Nasa’s Parker Solar Probe to Make Historic Close Approach to the Sun

A year from now, on 24 December, Nasa’s Parker Solar Probe will achieve an unprecedented feat in space exploration by racing past the Sun at an astonishing speed of 195 km/s, or 435,000 mph. This will mark the closest approach of any human-made object to the Sun, coming within just 6.1 million km, or 3.8 million miles from the Sun’s ‘surface’.

Dr. Nour Raouafi, the Parker project scientist, described the upcoming event as monumental for all humanity, likening it to the historic Moon landing of 1969. The probe’s incredible speed is attributed to the immense gravitational pull it experiences as it falls towards the Sun, akin to flying from New York to London in under 30 seconds.

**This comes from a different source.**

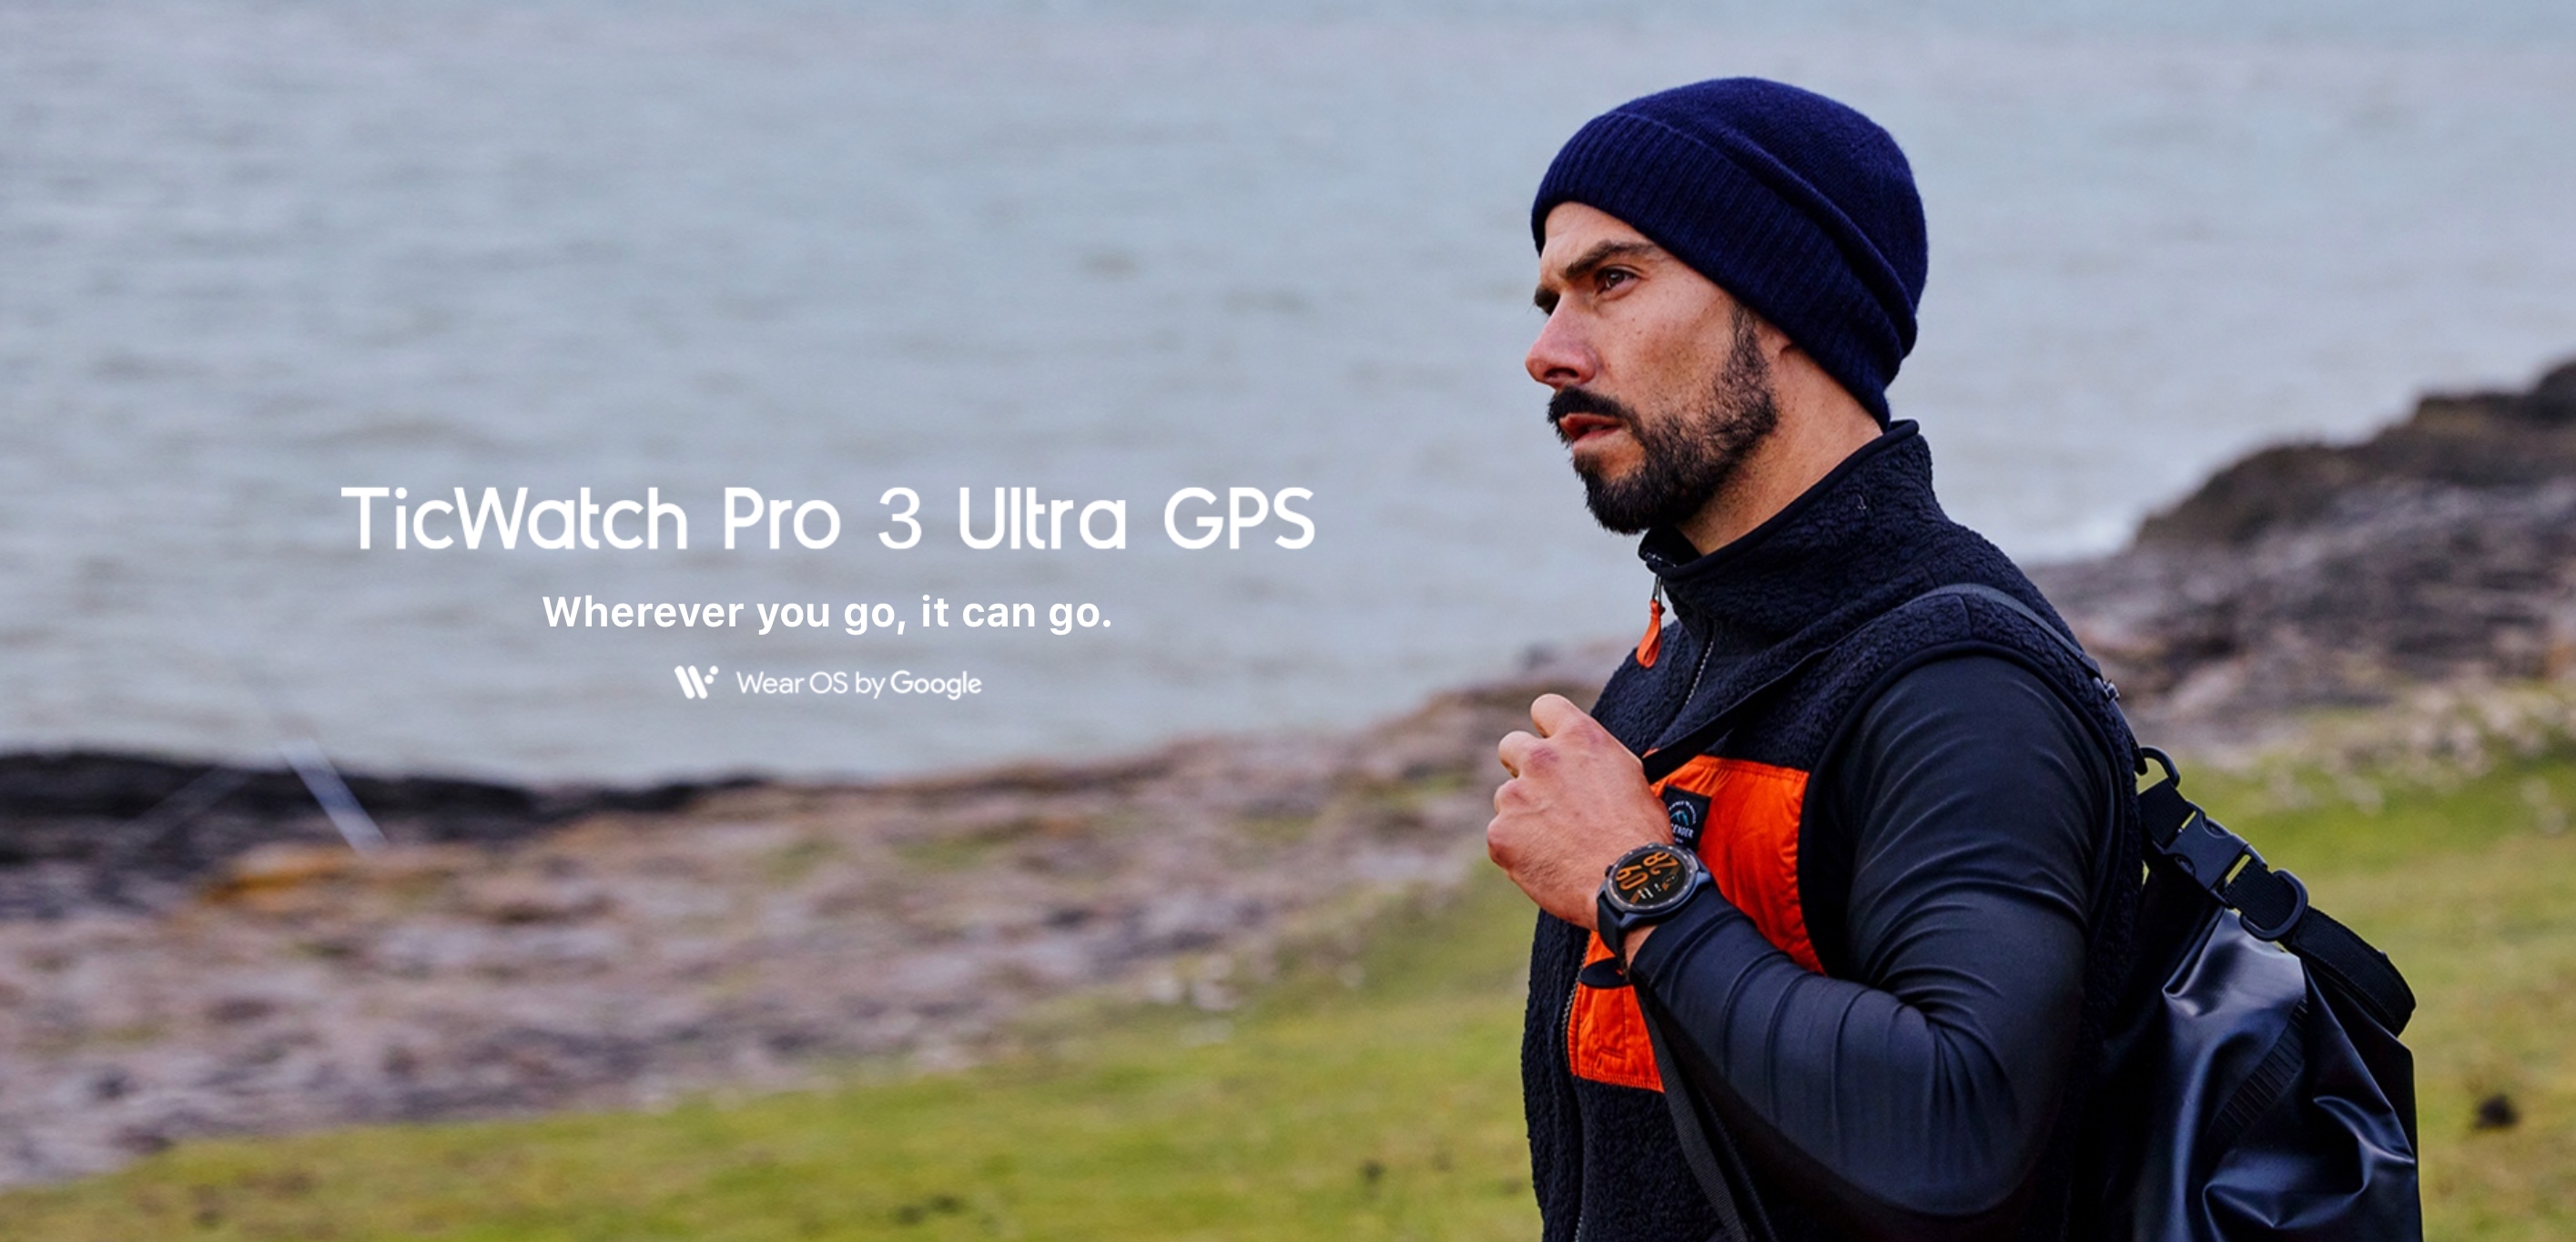 mobvoi TicWatch Pro 3 Ultra GPS

Launched in 2018, Nasa’s Parker Solar Probe aims to make repeated and increasingly closer passes of the Sun. The upcoming maneuver in late 2024 will take the probe to just 4% of the Sun-Earth distance, providing an unprecedented opportunity to study the Sun’s environment.

However, the mission presents significant challenges, particularly the extreme temperatures the probe will encounter, with temperatures on the front of the spacecraft expected to reach 1,400°C at its closest point to the Sun. To mitigate this, Parker’s strategy involves swift entry and exit, utilizing a suite of instruments deployed from behind a thick heat shield to make measurements of the solar environment.

The anticipated reward for this daring mission is the acquisition of breakthrough knowledge on key solar processes, particularly the workings of the corona, the Sun’s outer atmosphere. Scientists are eager to gain a clearer understanding of the corona’s counter-intuitive superheating, where temperatures can reach over a million degrees, far exceeding the surface temperature of the Sun.

Moreover, the probe will be positioned within the corona region, where charged particles are accelerated into a supersonic wind moving at 400 km/s, a phenomenon that is yet to be fully explained by scientists.